Wednesday, April 27, 2005

Concern for Ohio's Smokers?

John Byczkowski of the Cincinnati Enquirer uses some tortured logic against Governor Taft's tax reform plan which includes increases in cigarette taxes. (Taft plan gives - and takes away):

...But critics find several problems with Taft's tax plan. First, while it cuts income taxes by 21 percent, it makes up for those cuts with higher taxes that disproportionately affect the poor. People earning less than $25,000, for instance, are twice as likely to be smokers as people earning more than $50,000...

Later in the article Byczkowski details that cigarette taxes are expected to increase to $1 per pack from 55 cents. This would result in an additional $46.80 per year for the smoker who buys two packs per week.

Porkopolis, being libertarian minded, is agnostic with respect to fellow citizens desire to deliver carcinogens to their lungs. However, cigarettes cost the State of Ohio in a big way.

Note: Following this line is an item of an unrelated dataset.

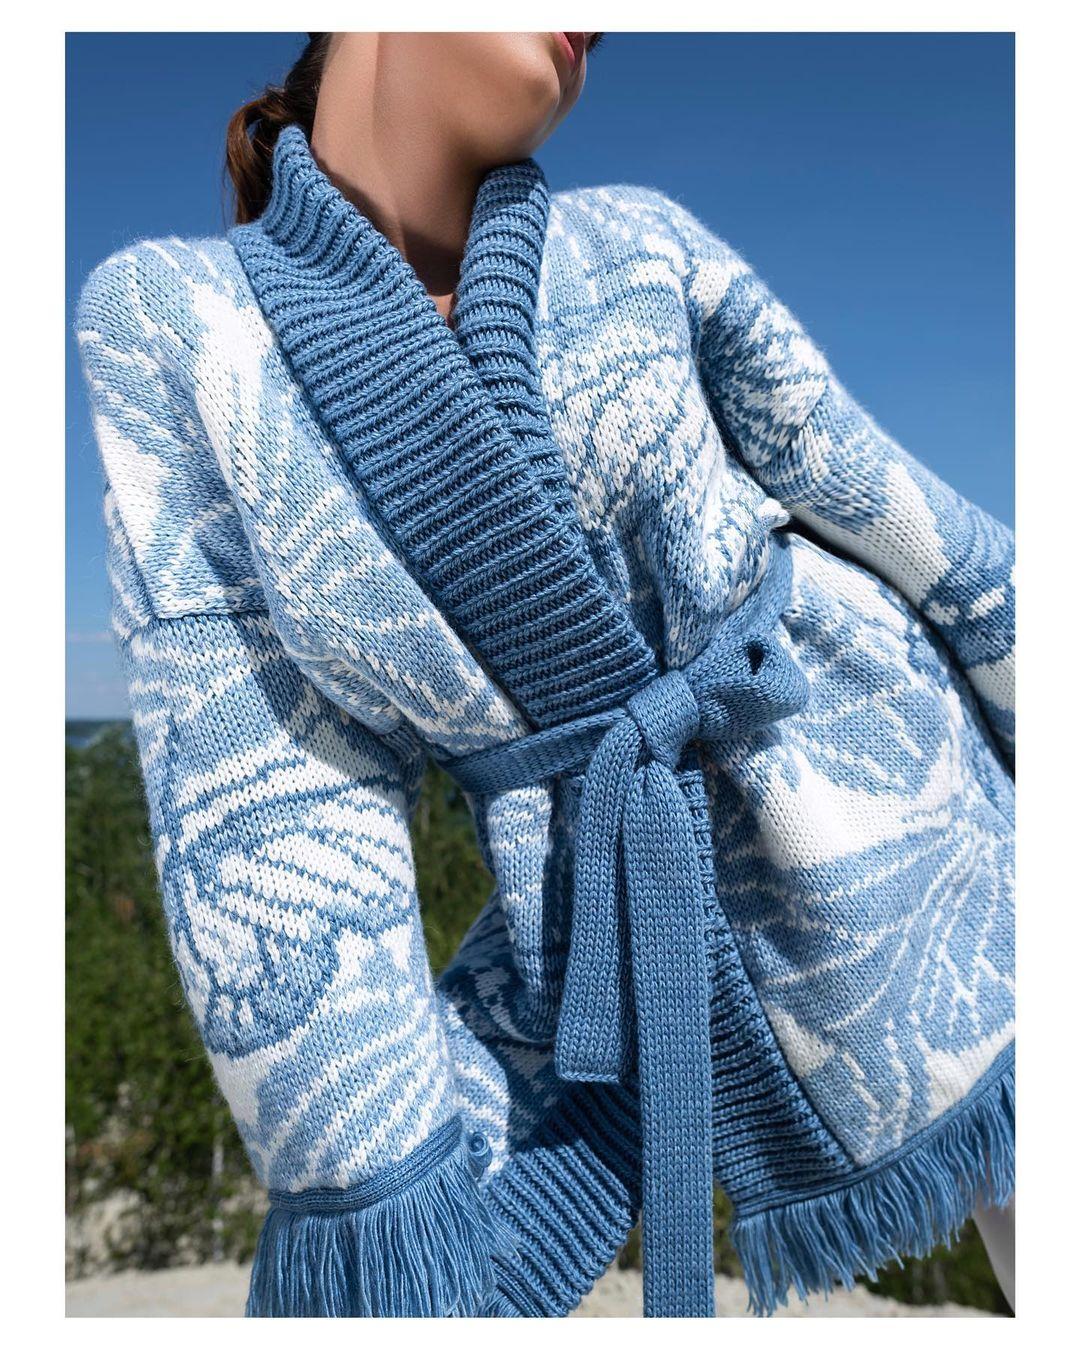 модный кардиган осень зима 2021 украинский бренд белый голубой принт бахрома теплый
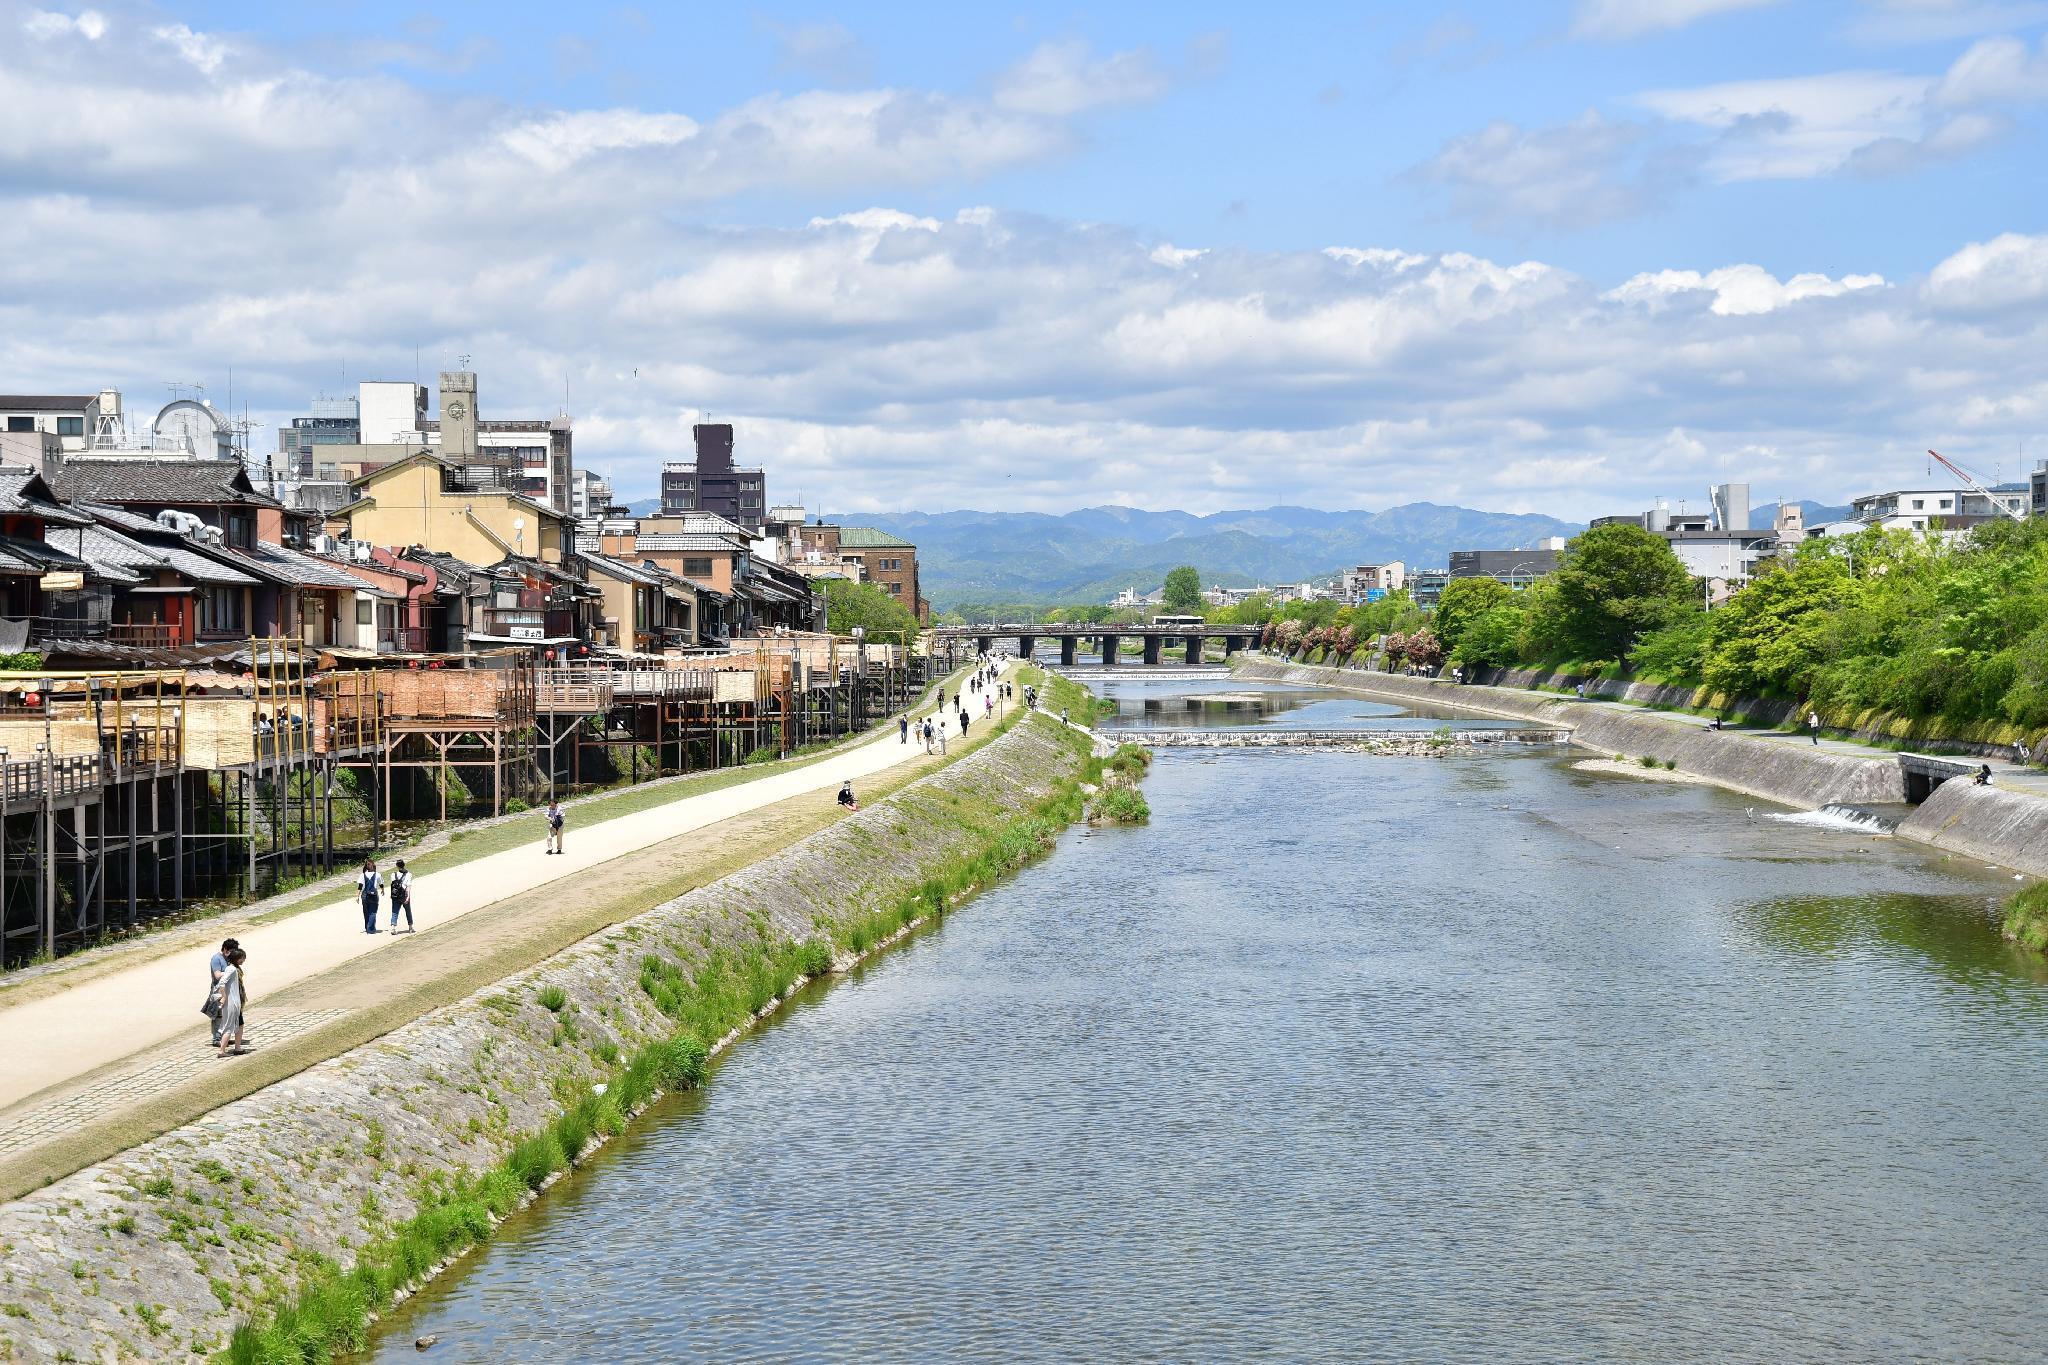 Holzbau Higashiyama

Consider the revenue expected on the increase in cigarette taxes. From page D-13 of the proposed Ohio Budget Special Analyses document (found on the Ohio Office of Budget and Management (OBM) web site) is this projection:

The administration proposes increasing the cigarette tax by $0.45 per pack to $1.00 per pack, increasing the tax on other tobacco products from 17% to 30%, and doubling taxes on alcoholic beverages other than spirituous liquor. These changes are projected to bring in about $350 million a year by FY 2010 (the annual revenue gains actually decline rather than grow because of long-term declines in smoking).

$350 Million is a lot of money and not all of it is from the cigarette tax. But for arguments sake, let's say that it is. A search of costs incurred by the State with regard to cigarette smoking reveals that the Campaign for Tobacco-Free Kids claims that the annual Medicaid costs attributable to smoking are $1.3 Billion. The site does not reference any official Ohio statistics. But, let's say they're off by 50%; that would be 'only' $650 Million then. Even allowing for this generous fudge factor, annual costs associated with smoking for the State are almost twice what is projected to be collected in the additional tax!

The article could have easily made the case that the increase in the cigarette tax was too small!